At the same time, owners of post-1989 forests must be able to claim for carbon sequestered through all five years of Kyoto's first commitment period (2008 to 2012). To do this, they need to be able to register qualifying afforestation projects this year and be entitled to sell into international carbon markets as per the current ETS timetable and design.

The income they derive from this will help encourage the afforestation needed to ensure sustainable land use.

"As for all emitters in the NZ economy, the best compromise would be to transition emissions from all sectors into the scheme at the same time * with obligations imposed on all emitters no later than 2011. That would give everyone time to adjust and ensure there was a basis for a viable market for NZ emission units from day one.

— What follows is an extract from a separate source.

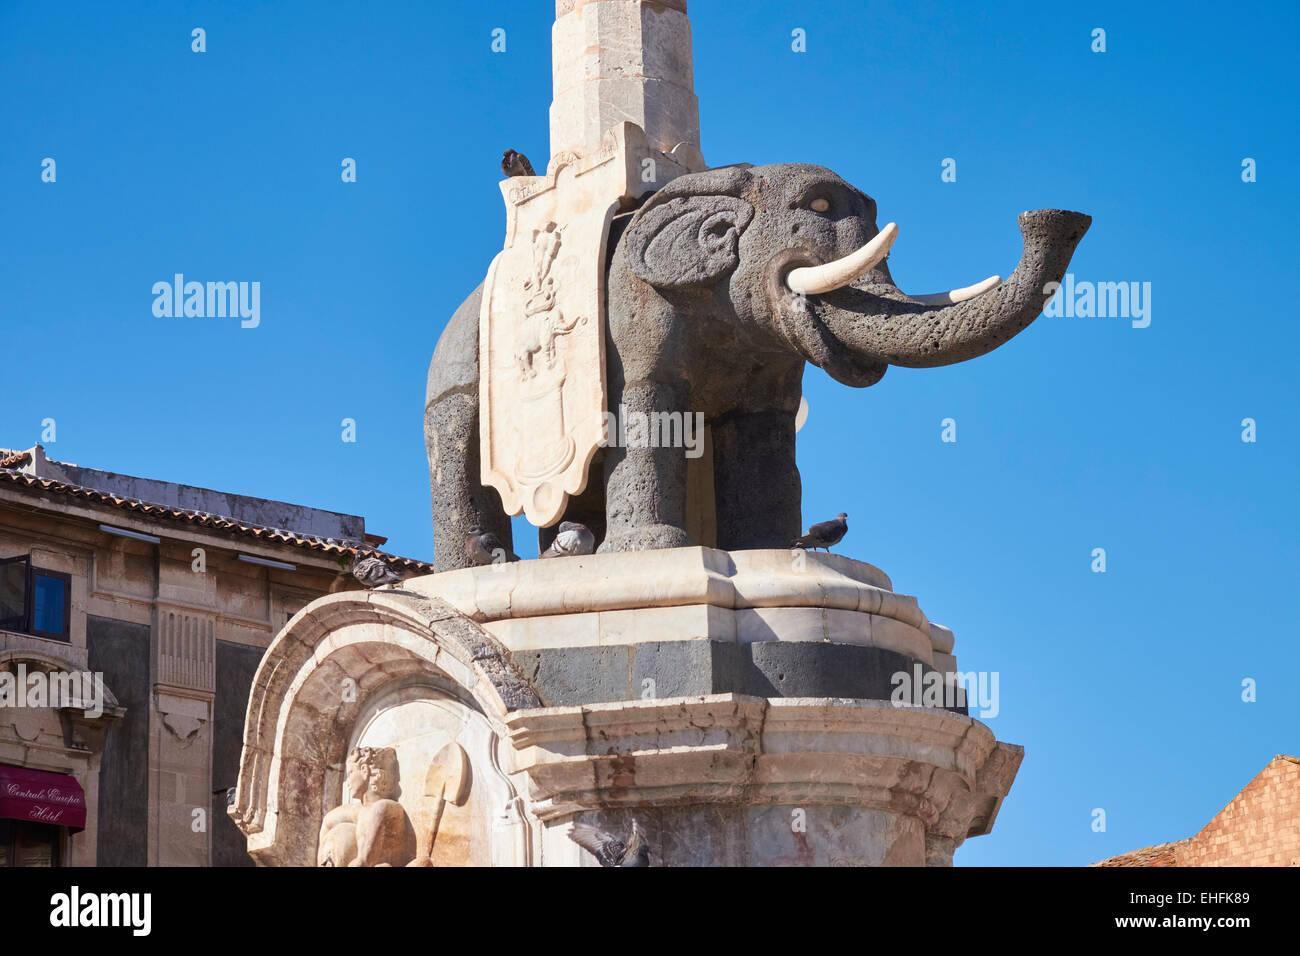 Statue von einem Lava Elefant, Piazza del Duomo, Catania, Sizilien, Italien. Stockbild

"At the same time, the slippage we are seeing with target dates for politically sensitive sectors cannot keep happening.

"New Zealand's reputation as a clean and green producer of food and fibre is inextricably linked to its response to climate change. "If we are a leader, this reputation is enhanced. If we are a follower we run the risk of losing that reputation and at worst, having to face barriers to trade with those countries which have had the political strength to face up to their responsibilities."